:: EXERCISE GOAL ::
Print the lines that run from the line with "在上世纪九十年代的城市老照片中,可以看到许多人骑自行车或三轮车" to the line with "Dompe【435】　ドンペリニヨン 白 Vintage 2013 シャンパン未開栓", keeping both end lines, exactly as they appear in the entries below, and nothing else.

Stored items:
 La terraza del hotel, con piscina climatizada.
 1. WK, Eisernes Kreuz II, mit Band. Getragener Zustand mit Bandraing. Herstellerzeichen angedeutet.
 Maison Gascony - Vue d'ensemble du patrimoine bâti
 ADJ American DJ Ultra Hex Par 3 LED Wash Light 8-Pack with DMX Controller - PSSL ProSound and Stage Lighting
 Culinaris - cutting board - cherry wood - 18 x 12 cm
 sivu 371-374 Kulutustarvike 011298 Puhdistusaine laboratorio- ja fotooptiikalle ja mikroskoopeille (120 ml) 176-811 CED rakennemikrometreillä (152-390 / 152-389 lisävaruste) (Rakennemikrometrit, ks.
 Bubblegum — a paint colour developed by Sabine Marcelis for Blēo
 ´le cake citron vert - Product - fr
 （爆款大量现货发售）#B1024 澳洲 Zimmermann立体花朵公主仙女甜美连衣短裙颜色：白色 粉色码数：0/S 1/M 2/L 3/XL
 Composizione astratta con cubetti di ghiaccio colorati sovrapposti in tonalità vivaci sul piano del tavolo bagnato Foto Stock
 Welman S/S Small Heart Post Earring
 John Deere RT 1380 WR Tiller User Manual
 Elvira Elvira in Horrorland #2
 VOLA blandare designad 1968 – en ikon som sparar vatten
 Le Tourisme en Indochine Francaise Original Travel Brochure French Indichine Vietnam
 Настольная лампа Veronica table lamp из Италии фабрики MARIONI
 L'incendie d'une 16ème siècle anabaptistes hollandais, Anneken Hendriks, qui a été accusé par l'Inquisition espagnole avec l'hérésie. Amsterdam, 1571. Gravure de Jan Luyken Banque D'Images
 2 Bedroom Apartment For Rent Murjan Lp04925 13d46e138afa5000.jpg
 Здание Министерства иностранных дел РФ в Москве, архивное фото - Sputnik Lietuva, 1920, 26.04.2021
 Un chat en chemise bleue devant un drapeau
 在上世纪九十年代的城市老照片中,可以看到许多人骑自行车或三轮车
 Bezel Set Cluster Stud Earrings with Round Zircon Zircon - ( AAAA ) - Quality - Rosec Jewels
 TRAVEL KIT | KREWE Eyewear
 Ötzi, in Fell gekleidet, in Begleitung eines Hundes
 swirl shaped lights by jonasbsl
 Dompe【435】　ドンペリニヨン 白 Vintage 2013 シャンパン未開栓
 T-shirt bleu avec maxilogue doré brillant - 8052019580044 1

:: RESULT OF THE TASK ::
 在上世纪九十年代的城市老照片中,可以看到许多人骑自行车或三轮车
 Bezel Set Cluster Stud Earrings with Round Zircon Zircon - ( AAAA ) - Quality - Rosec Jewels
 TRAVEL KIT | KREWE Eyewear
 Ötzi, in Fell gekleidet, in Begleitung eines Hundes
 swirl shaped lights by jonasbsl
 Dompe【435】　ドンペリニヨン 白 Vintage 2013 シャンパン未開栓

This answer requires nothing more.